Watching this again and am just blown away by the character this flute has. It really does take your (excellent) playing to the next level and speaks for itself. Amazing.
This is a wonderful flute, and a video I'm going to keep. Those upper notes have a very striking sound, sweet yet piercing, and I immediately thought of the sound of a Ziegler csakan. Would that be because of the cut of the embouchure hole?
the flute does have an excellent embouchure hole but the tone quality is from the union of lots of different thing - the design of the bore, the material of the flute, the player, and other things. My experience with the csakan has been that they are rather soft although I have never played a Ziegler.
I do realise that; but the timbre of your upper register is very similar in volume to that of original and reproduction Ziegler csakans I have heard, played by e.g. Tarasov. Just a thought.

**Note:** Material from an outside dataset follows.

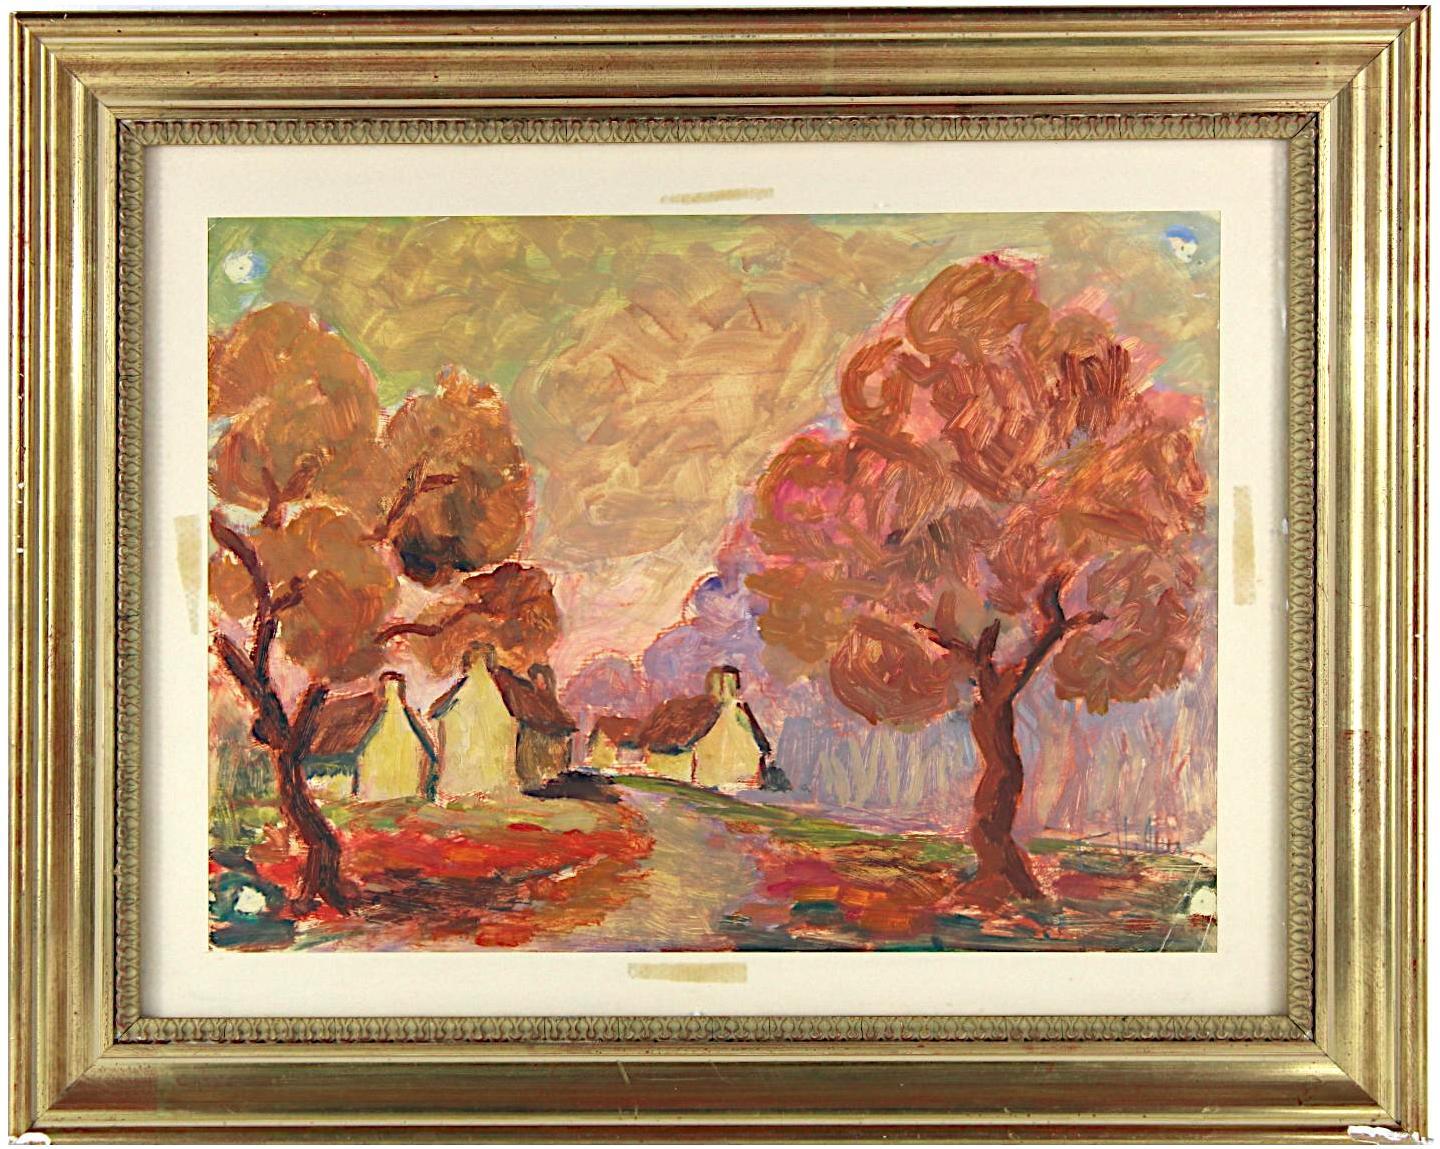 Ferdinand Villuis Landscape Painting - Red Landscape with trees, Original Gouache on Paper, Impressionist style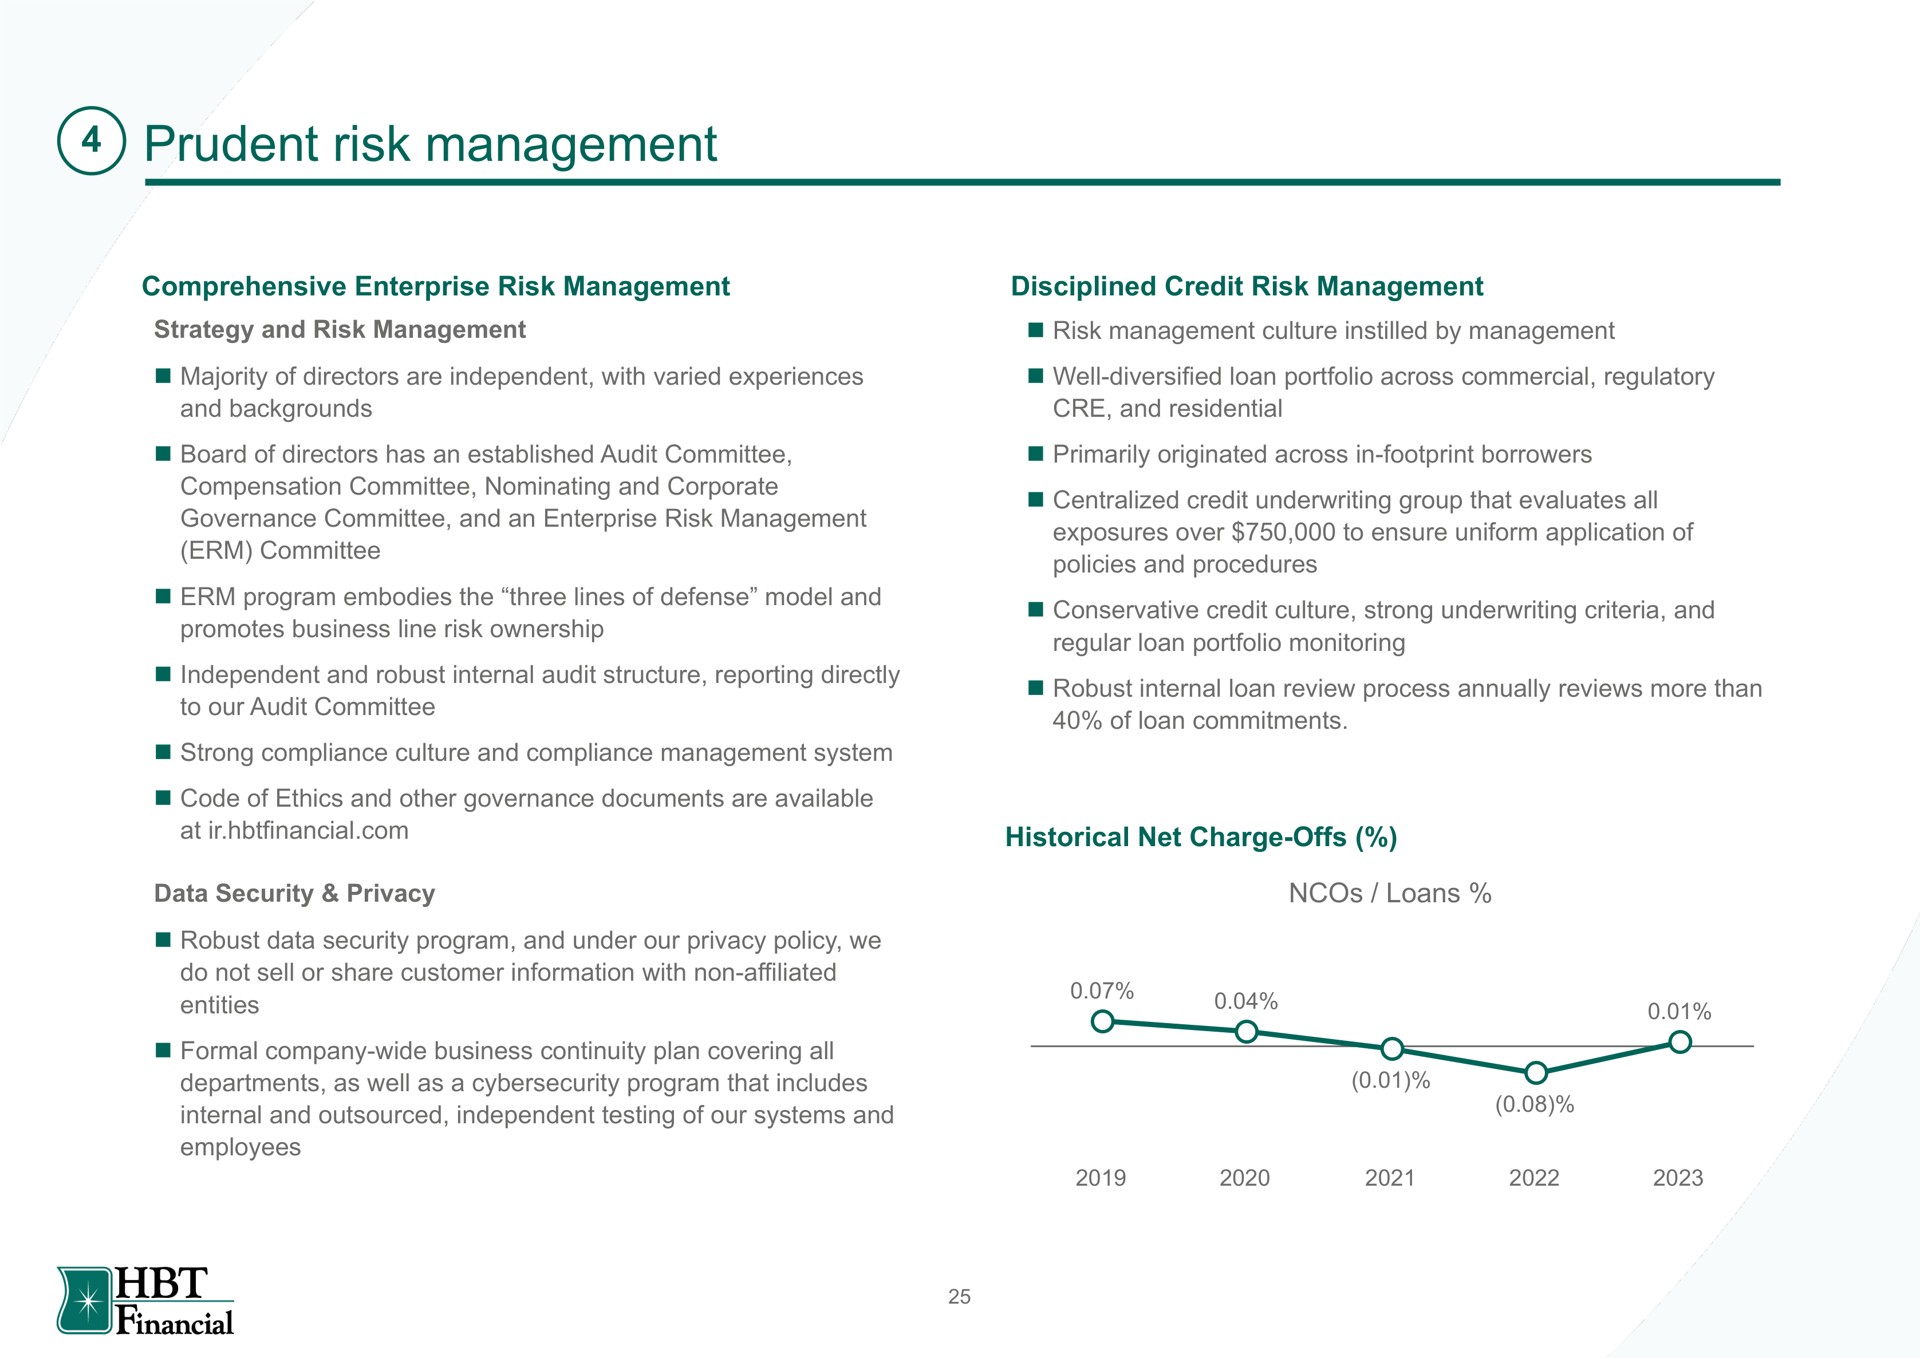 prudent risk management | HBT Financial

Lovely tone on this gorgeous flute! I for one am partial to these vienese instruments, and would love to hear some day, if possible, a g-footed panaulon. Those I think are particularly incredible instruments! I've listened to the modern Boehms with a g-foot, and I was quite impressed with the result. I wonder what the panaulon would sound like.
the Panaulon were famous for not actually ever working that low. I think I did hear a recording once with a working version but I don't remember what it was.
When I was a beginning composition student, I knew the clarinet (my brother played it), but not the flute. I assumed that the flute had keys similar to this on for playing the low notes -- which made my first attempts at composing less than idiomatic. Now that I play the flute, I think I would find all the alternative keys a bit intimidating.
I think it is very intimidating as well but for flutist of the day, for whom this would have been fairly normal, they must have been well acclimated to using them. The Doppler brothers played a very similar flute.